* [Action item]:
If a line in the entries includes "pour", show that line.

* [Records for this exercise]:

»»

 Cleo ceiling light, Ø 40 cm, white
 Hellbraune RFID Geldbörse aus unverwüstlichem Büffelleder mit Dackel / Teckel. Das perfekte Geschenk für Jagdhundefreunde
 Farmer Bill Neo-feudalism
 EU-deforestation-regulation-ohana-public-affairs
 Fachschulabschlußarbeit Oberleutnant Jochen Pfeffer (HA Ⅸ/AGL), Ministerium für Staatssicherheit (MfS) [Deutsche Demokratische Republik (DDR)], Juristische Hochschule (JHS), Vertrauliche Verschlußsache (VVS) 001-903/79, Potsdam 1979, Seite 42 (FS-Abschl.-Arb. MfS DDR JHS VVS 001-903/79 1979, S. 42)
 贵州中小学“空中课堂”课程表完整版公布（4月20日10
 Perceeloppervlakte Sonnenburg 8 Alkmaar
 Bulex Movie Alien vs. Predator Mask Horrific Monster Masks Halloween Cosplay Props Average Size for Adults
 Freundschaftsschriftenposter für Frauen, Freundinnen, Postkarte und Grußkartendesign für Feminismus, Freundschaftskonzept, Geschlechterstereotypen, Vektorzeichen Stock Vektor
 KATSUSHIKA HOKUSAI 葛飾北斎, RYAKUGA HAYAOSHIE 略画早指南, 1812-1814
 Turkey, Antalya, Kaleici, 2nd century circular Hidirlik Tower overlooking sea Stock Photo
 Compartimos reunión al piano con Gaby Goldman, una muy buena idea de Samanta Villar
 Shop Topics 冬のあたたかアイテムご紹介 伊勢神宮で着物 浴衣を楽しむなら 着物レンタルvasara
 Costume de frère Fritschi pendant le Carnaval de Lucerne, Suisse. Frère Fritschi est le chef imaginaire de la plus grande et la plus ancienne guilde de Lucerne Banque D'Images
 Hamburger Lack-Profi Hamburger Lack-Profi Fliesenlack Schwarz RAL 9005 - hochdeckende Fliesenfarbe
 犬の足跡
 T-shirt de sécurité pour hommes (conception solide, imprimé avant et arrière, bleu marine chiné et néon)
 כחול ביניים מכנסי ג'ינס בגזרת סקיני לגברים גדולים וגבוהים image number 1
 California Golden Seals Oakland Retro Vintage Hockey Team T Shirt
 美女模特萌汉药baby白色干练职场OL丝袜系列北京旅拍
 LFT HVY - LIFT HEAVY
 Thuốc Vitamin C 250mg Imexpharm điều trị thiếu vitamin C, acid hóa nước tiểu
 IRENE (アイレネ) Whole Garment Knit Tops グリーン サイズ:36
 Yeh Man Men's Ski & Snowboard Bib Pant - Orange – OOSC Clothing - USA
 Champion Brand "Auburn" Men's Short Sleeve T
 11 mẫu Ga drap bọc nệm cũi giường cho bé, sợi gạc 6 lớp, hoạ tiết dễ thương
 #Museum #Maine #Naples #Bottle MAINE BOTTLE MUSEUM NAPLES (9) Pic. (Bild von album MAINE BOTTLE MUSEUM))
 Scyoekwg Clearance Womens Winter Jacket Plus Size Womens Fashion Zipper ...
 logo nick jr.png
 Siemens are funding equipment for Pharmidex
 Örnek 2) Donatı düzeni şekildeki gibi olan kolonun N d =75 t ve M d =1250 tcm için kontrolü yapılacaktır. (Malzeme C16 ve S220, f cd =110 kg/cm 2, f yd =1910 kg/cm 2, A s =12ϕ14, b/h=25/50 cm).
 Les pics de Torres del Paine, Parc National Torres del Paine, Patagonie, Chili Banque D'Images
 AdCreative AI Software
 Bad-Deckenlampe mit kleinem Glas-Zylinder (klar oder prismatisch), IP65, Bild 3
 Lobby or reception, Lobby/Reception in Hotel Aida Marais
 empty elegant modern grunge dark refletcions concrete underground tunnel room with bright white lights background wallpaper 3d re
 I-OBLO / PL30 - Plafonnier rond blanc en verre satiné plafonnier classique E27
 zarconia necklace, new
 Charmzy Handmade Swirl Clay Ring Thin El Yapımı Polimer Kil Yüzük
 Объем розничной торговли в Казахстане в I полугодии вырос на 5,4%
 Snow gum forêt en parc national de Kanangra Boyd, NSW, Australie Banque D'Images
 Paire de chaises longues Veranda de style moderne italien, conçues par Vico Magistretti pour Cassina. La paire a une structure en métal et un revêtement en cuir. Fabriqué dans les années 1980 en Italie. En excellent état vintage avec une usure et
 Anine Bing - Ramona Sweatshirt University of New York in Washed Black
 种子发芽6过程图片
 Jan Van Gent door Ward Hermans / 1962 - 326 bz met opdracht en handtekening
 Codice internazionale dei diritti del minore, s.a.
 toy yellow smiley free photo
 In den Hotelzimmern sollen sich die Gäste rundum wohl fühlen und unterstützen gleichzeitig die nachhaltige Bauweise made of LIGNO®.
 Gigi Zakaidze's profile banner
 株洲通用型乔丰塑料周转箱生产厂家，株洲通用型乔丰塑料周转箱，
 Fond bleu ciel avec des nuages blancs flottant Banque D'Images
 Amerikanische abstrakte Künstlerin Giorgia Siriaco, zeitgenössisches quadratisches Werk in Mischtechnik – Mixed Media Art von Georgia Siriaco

««

* [Solution to the problem]:
 T-shirt de sécurité pour hommes (conception solide, imprimé avant et arrière, bleu marine chiné et néon)
 Paire de chaises longues Veranda de style moderne italien, conçues par Vico Magistretti pour Cassina. La paire a une structure en métal et un revêtement en cuir. Fabriqué dans les années 1980 en Italie. En excellent état vintage avec une usure et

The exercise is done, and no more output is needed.